Чего хочет Северная Корея от Южной Кореи?

Андрей Николаевич Ланьков Русранд Политика 110

С первых чисел июня на Корейском полуострове разворачивается очередной кризис, который пока не особо подхвачен мировыми СМИ. Всё началось 4 июня, когда с официальным заявлением в газете «Нодон синмун» выступила Ким Ё Чжон — младшая сестра Высшего Руководителя Ким Чен Ына, вторая по значению политическая фигура в стране. Ким Ё Чжон выразила крайнее возмущение действиями южнокорейских правоконсервативных организаций, которые с территории Южной Кореи запускают в сторону Северной Кореи аэростаты с листовками.

Она заявила, что действия этих групп поощряются южнокорейскими властями и этими действиями Сеул нарушает все те обязательства, которые он взял на себя в последние годы. Ким Ё Чжон также сказала, что подобные действия Сеула делают бессмысленными существующие соглашения, которые регулируют отношения между двумя корейскими государствами. И предупредила о тех мерах, на которые Северная Корея может пойти в том случае, если запуск аэростатов с листовками не будет немедленно пресечён.

Одна из этих угроз была выполнена 9 июня, когда северокорейская сторона отключила линию прямой правительственной связи Сеул — Пхеньян. Это отключение «горячей линии» почему-то привлекло внимание мировых СМИ, хотя, вообще говоря, оно уже давно стало чуть ли не установившимся ритуалом — линию прямой связи северокорейцы отключают каждый раз, когда у них появляется желание выразить недовольство теми или иными действиями Сеула или Вашингтона.

После заявления Ким Ё Чжон в Северной Корее начались массовые митинги, которые фактически стали первыми массовыми мероприятиями с момента объявления в стране противоэпидемического режима в начале февраля.
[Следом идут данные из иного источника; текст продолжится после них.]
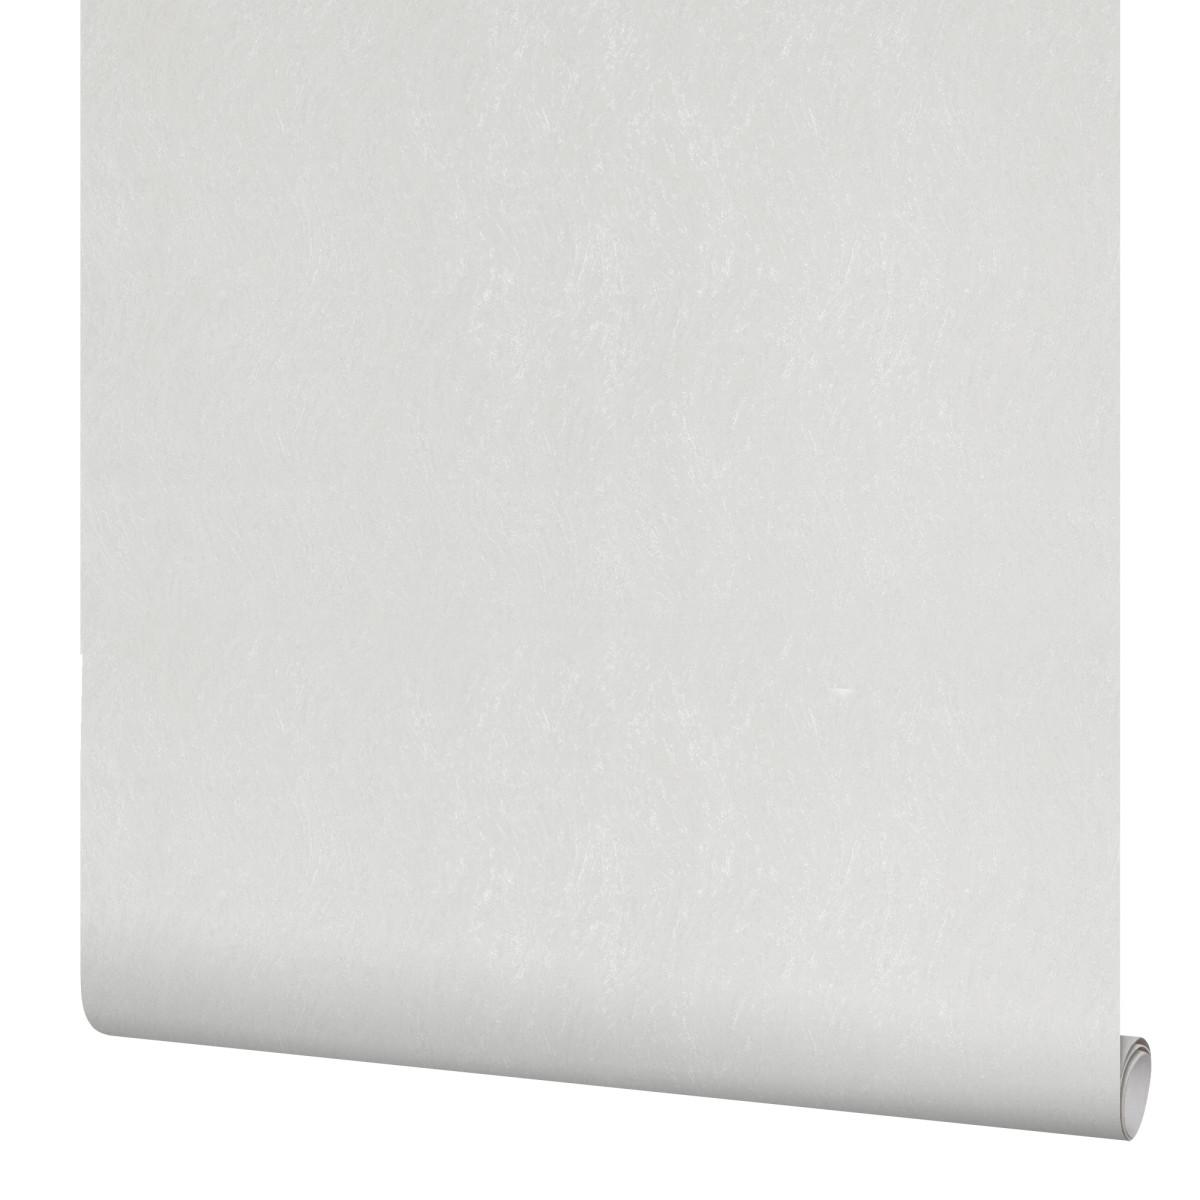 Обои флизелиновые Vog Collection Ар-нуво белые 1.06 м 90084-11

Участники митингов выражали возмущение действиями южнокорейских правоконсервативных групп и связанных с ними мигрантов из Северной Кореи, которые в основном и занимаются листовками, а также скандировали: «Смерть эмигрантам — человеческому мусору!». Представители «общественности» (включая и ответственного за традиционную лапшу повара элитного ресторана) выразили в северокорейских СМИ свой гнев по поводу лицемерия южнокорейских властей и поклялись огнём выжечь очаг предательства.

Наконец, во время одного из своих редких появлений на публике сам Высший Руководитель Ким Чен Ын заявил, что действия руководства Южной Кореи не оставляют сомнения в том, что оно является «врагом» и что вести себя с ним надо соответственно.
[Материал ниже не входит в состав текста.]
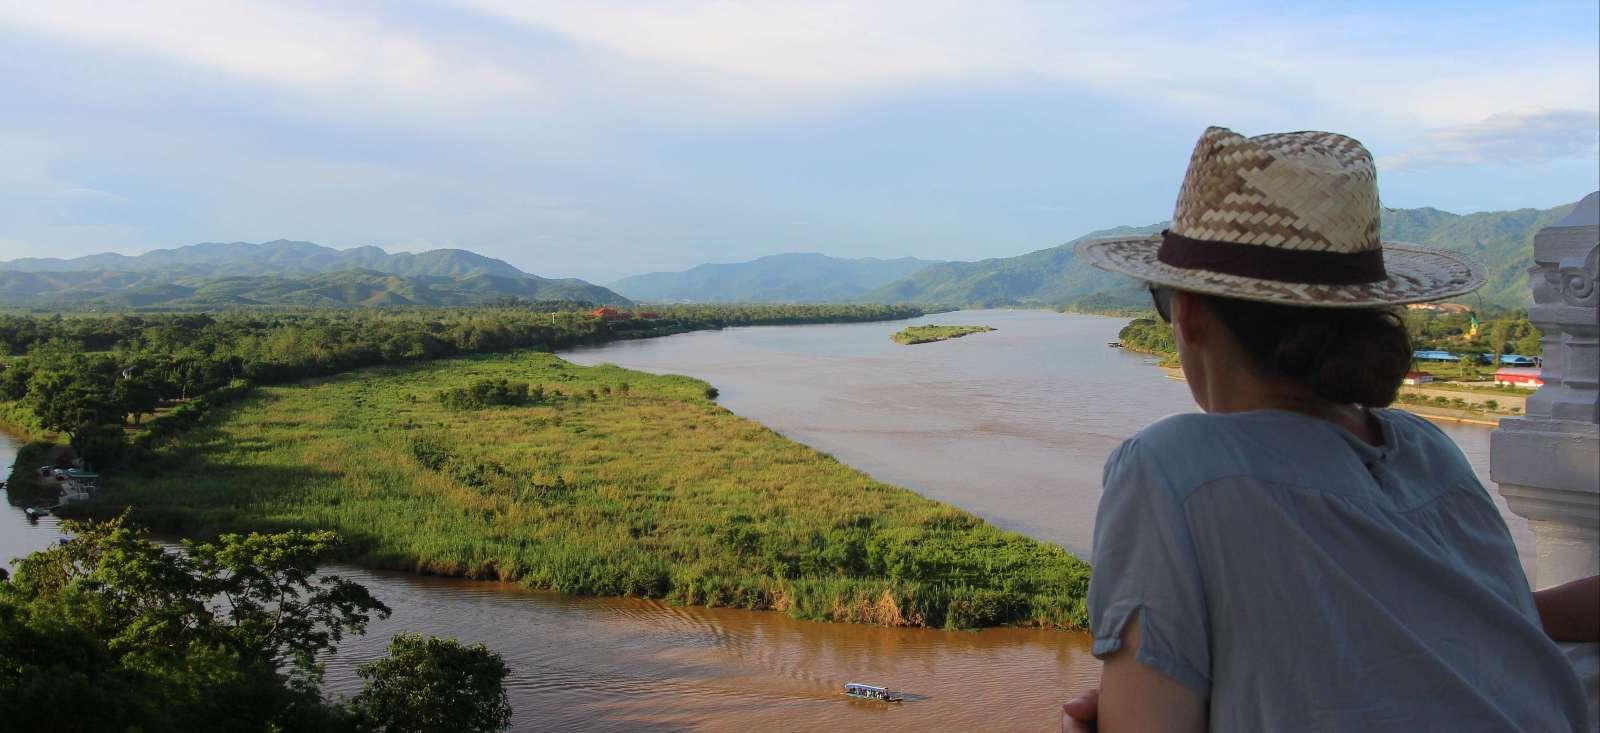 Voyage en véhicule : Une aventure Thaïe et sur mesure

Южная Корея, со своей стороны, отреагировала на происходящее с удивительной оперативностью. 4 июня, то есть в тот же самый день, когда Ким Ё Чжон выступила со своим воинственным заявлением, южнокорейское правительство заявило о том, что оно постарается пресечь деятельность групп, занимающихся запуском аэростатов. Задача эта, однако, является достаточно сложной. Эти группы тесно связаны с правоконсервативным лагерем, который сейчас находится в глухой оппозиции Мун Чжэ Ину, и контролировать их действия для нынешней сеульской власти непросто — тем более что действующего законодательства они не нарушают.

Сеул начал лихорадочно искать какие-то паллиативы. Некоторые из юридических открытий, сделанных сеульскими чиновниками, выглядят забавно. В частности, представитель Министерства объединения (то есть фактически Министерства по делам Севера) заявил о том, что запуск листовок наносит… вред окружающей среде. Ещё более комичным было заявление о том, что в нынешней ситуации такие действия могут способствовать распространению коронавируса. Власти приграничной провинции Кёнги не стали заниматься поиском предлогов, а попросту объявили «особыми районами» те зоны, из которых по метеорологическим условиям проще всего запускать аэростаты в сторону Севера. Теперь местной полиции приказано не допускать на территорию этих районов машины, которые используются активистами.

Разумеется, правоконсервативная оппозиция тут же обвинила Мун Чжэ Ина в преступной мягкости и «готовности пожертвовать демократическими принципами по первому приказу пхеньянских диктаторов». Оппозиционные газеты воспользовались этой ситуацией, чтобы начать очередную кампанию против президента Мун Чжэ Ина.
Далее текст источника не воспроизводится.